American photographer Eric Pickergill |
fuck the phone. turning us all into cyborgs, checking news feeds and updates first thing in the morning and right before i sleep. stealing my attention with bits of information irrelevant but just enough to keep the time passing by. its notifications buzzing like pieces of food dropped into the rat cage, constantly by my side like a kids blanket but providing little warmth and comfort. little piece of shit computer by my side, listening in and containing my information of who i like, what i read, how i work and needing care just like a living being. i plug it in and feed it energy at night and fetch for it when i first wake. it shining light capturing the little bit of attention i have left for the rest of the things that are needing water and love and energy.
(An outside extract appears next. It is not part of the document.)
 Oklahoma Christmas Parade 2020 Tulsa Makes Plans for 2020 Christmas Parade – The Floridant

its all gonna kills us. not only is change the only thing that is constant, death is the only inevitable outcome in it all. no matter how we play the game, it all ends the same. knowing this what can we do about it? should it be more or less serious? do we make efforts to be remembered and if so by whom and for how long? do we make others our friends, keep foes at a distance, surround ourselves with those that love us and be upstanding citizens. do we keep amassing even when we have had enough? how much is enough, and what to do with it when it bubbles over? when it sits in the corners and molds over, it will all disintegrate, it will all eventually go away or we will go away first and then it will be no longer. dont covet the things. dont covet them.
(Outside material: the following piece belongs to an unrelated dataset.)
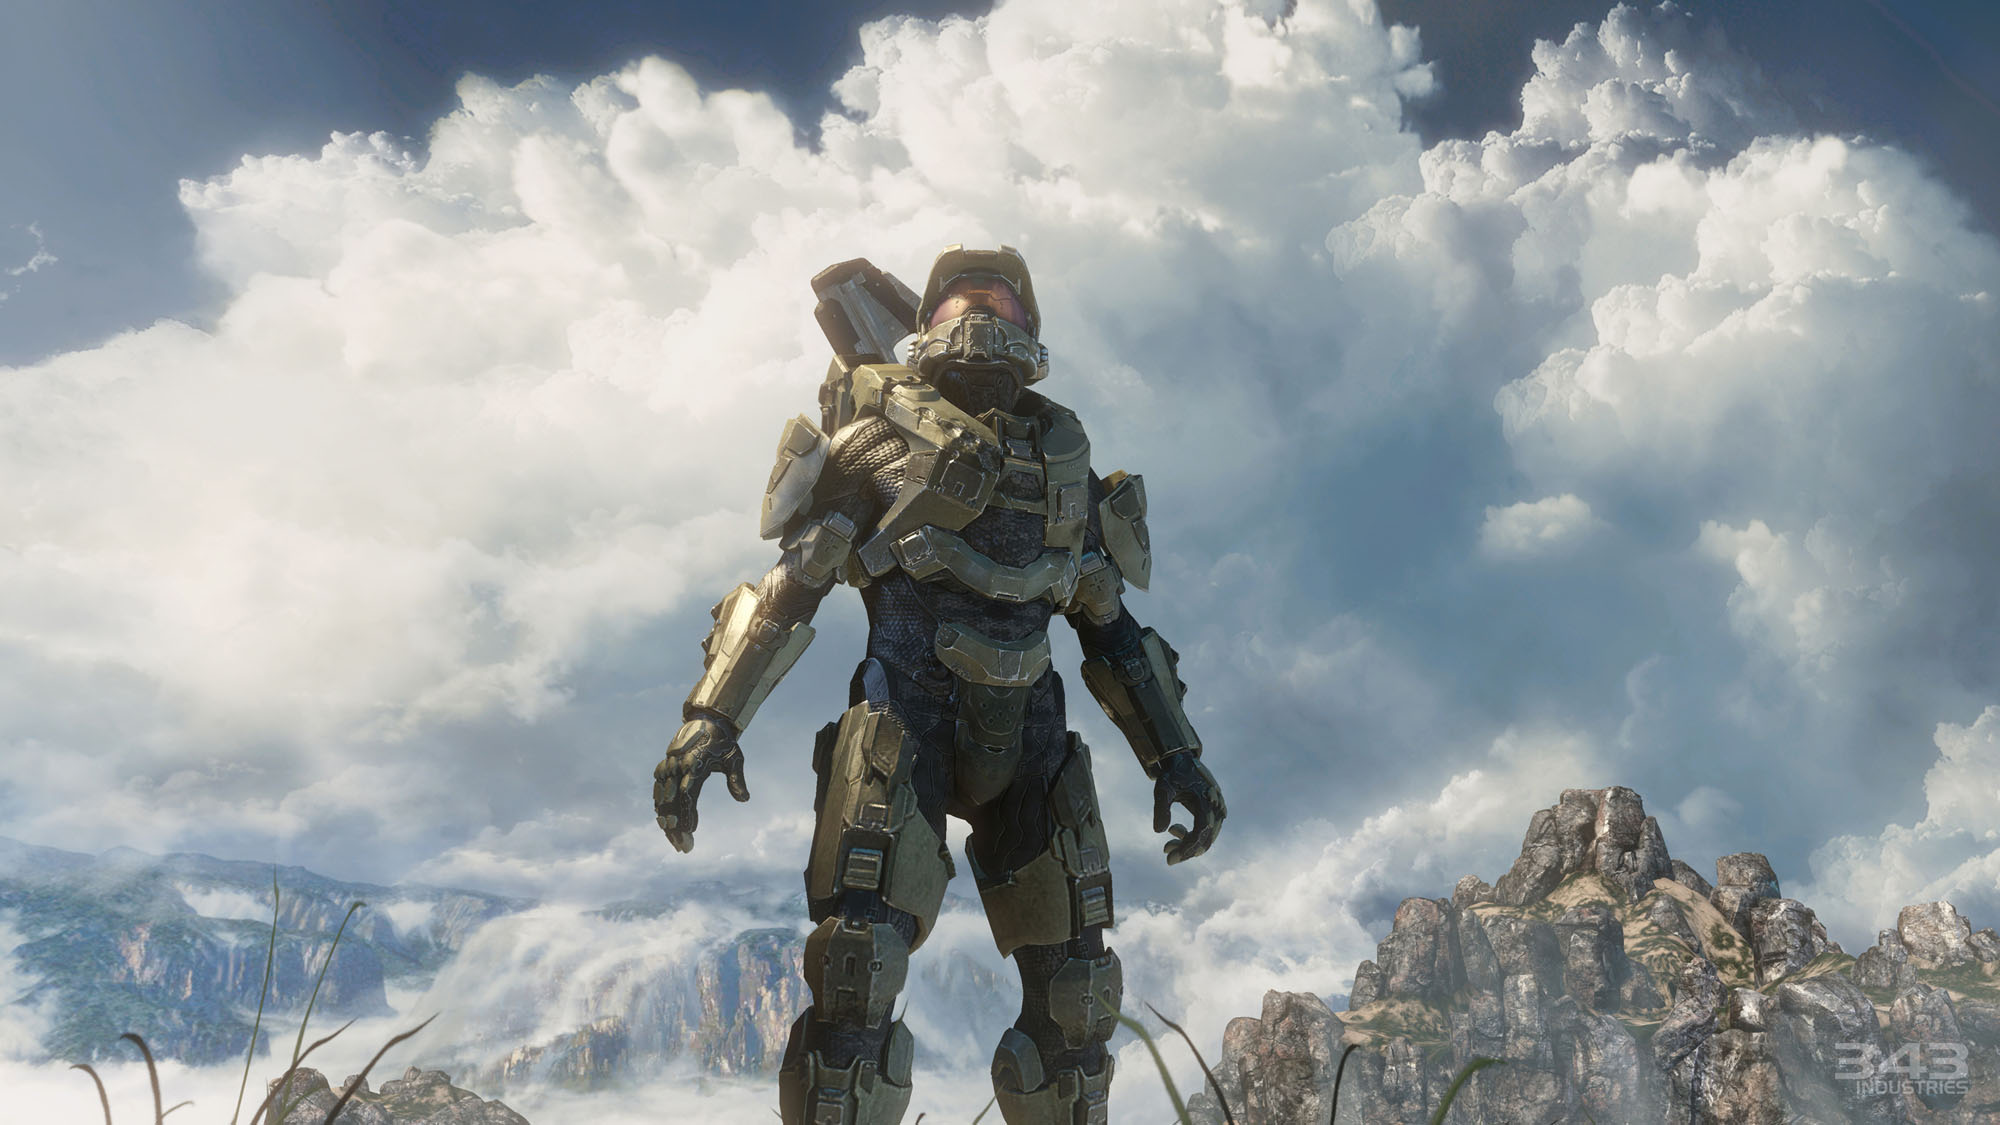 Cortana ai companion to master chief petty officer john 117 spartan

it comes at times, clarity. like seeing a way out of a maze, light at the end of a tunnel. the aha moment, and thats it. its figured out, you know it although you cannot put a word to it, and then it fades. like the anger before, like the problems you had, like the thunderstorm that raged so hard. it fades. into the mist you return, head on with the daily grind, the struggles with the kid, with your job with the neighbor. these distractions, like the phone, to fill in the gaps between clarity and complete loss. those grinds hold it all as well, in each moment is everything and nothing, fighting for the light of day and its meaning is for you to decide.